Gunnar Pétursson

  • PhD stipendiat, Consultant orthopaedic surgeon; MD
  • 23 22 50 00

Project: ”Computer navigation and conventional technique in total knee replacement”

Description:
Hybrid total knee replacements are prosthesis with cemented tibia and cementless femur. Computer assisted surgery is the use of three dimensional modeling and data registration to improve outcome of surgery.
Tranexamic acid is a antifibrinolytic agent which decreases bleeding.

Background:
Knee joint replacement with total condylar knee prosthesis is a highly successful operation with survival rates greater than 90% at 10 years.
The fixation of primary total knee replacements (TKR) have been extensively discussed, but no general agreement has been reached. Cemented prostheses are regarded as the gold standard for knee prosthesis surgery. Cementless fixation and hybrid fixation, however, remains of interest and is widely used.
Improvement of positioning and alignment by the use of computer-assisted surgery (CAS) might improve longevity and function in TKR, but there is little evidence. Many surgeons are using CAS to day.
The use of Tranexamic acid to reduce bleeding has increased markedly the last few years.
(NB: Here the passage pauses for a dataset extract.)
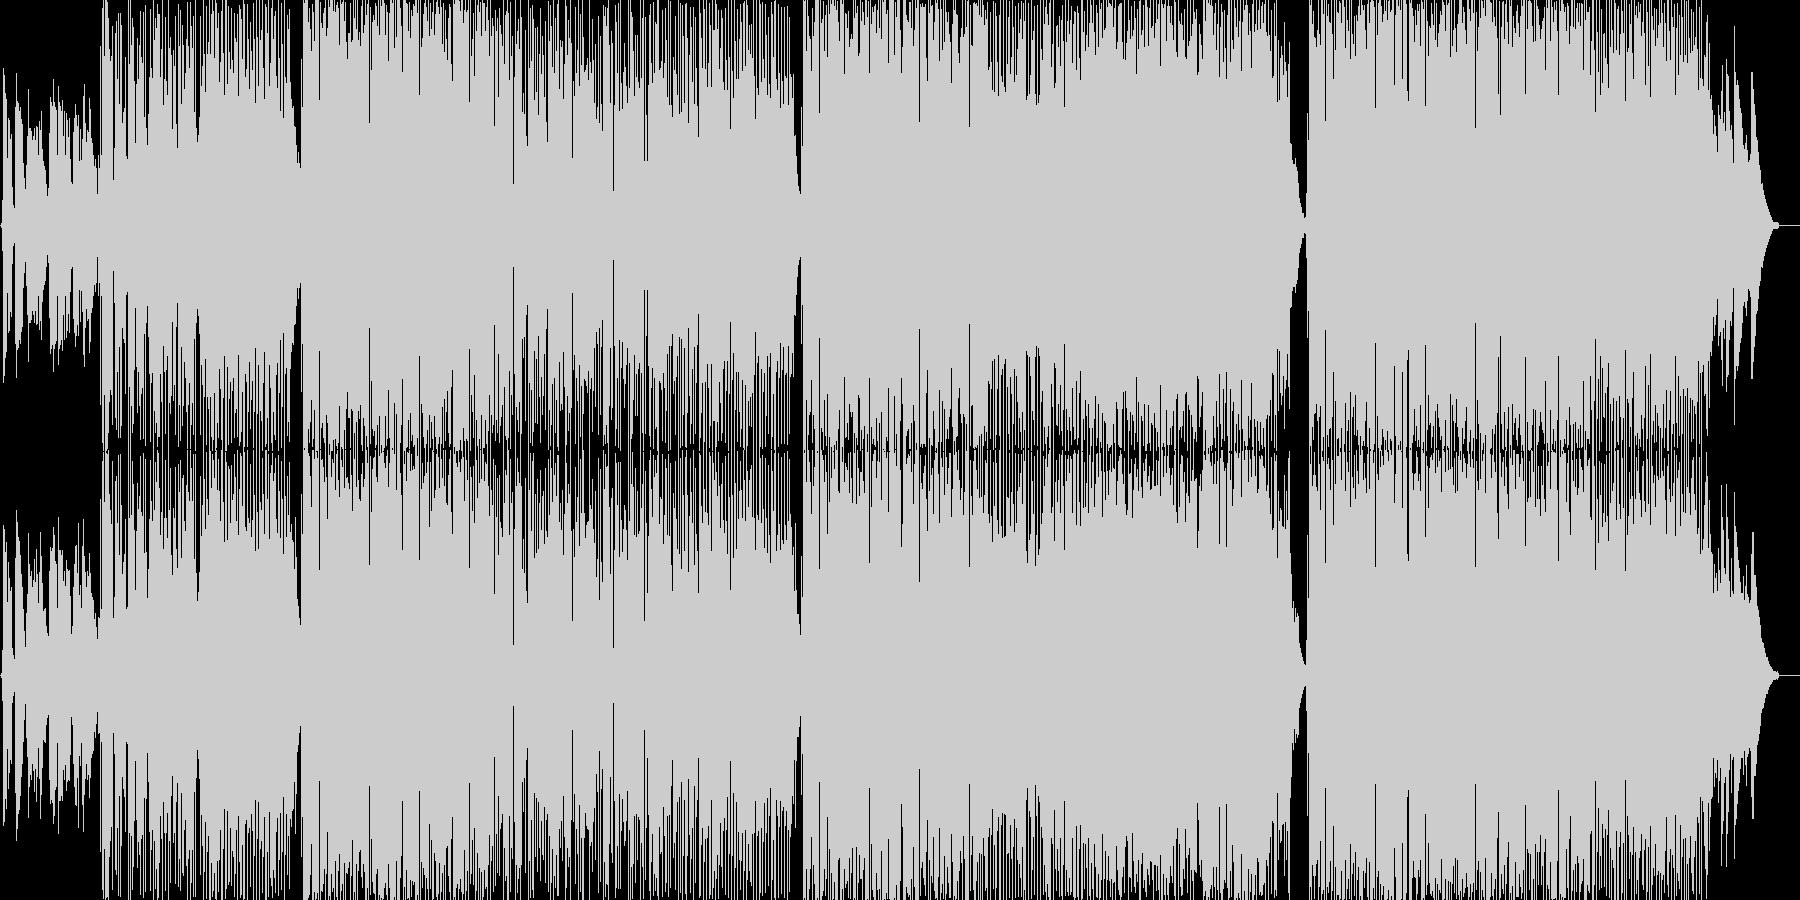 ゆるやかなロックバラード。生演奏。の未再生の波形

There is no question about its efficiency in reducing blood loss and the use of blood transfusion, but there is little data about possible thromboembolic complication.

Methods:
Register studies
Prospective randomized clinical studies
Radiosterometry
Conventional X-ray
CT-Perth
Clinical follow up of patients

Purpose:
Main purpose is to evaluate method used. How the method influence survival of the prosthesis, function of the patient and possible complication.

Aim:

  • Study the hybrid and compare it to the conventional cemented total knee replacement.
  • Study the CAS and compare it to the conventional knee replacement using RSA, CT-Perth and standard X-rays.
  • Study Tranexamic acid and its influence on blood coagulation in patients operated with TKR and compare it with patients operated without Tranexamic acid.
  • By documentation of different methods our aim of research is to reduce revision surgery and minimize risk of complication.


Planned studies:

  1. Hybrid total knee arthroplasty. A report from the Norwegian Arthroplasty Register 1999-2009.
  2. Computer-assisted knee arthroplasty versus a conventional jig-based technique. A randomized prospective trial with Radioisometric analysis.
  3. Function and quality of life in correlation with CT results after 3, 12 and 24 months after total knee replacement.
  4. The correlation between alignment of bone cuts and prostheses components alignment in cemented total knee replacement.
  5. The influence of Tranexamic acid in total knee arthroplasty.

Supervisors:
Ove Furnes, MD, PhD, Professor, Orthopedic Surgeon
Stephan M. Röhrl, MD, PhD, Orthopedic Surgeon
Arild Aamod, MD, PhD, Professor, Orthopedic Surgeon
Lars Nordsletten, MD, PhD, Professor, Orthopaedic Surgeon

Publications 2011
Gøthesen O, Espenhaug B, Havelin L, Petursson G, Furnes O.
Short-term outcome of 1,465 computer-navigated primary total knee replacements 2005-2008.
Acta Orthop. 2011 Jun;82(3):293-300. Epub 2011 Apr19.
PubMed 21504309

Publications 2000
Helgason S, Peturson G, Gudmundsson S, Sigurdsson JA.
Prevalence of postherpetic neuralgia after a first episode of herpes zoster. Prospective study with long term follow up.
BMJ. 2000 Sep 30;321(7264):794-6
PubMed 11009518

Publications 1998
Petursson G, Helgason S, Gudmundsson S, Sigurdsson JA.
Herpes zoster in children and adolescents.
Pediatr Infect Dis J. 1998 Oct;17(10):905-8.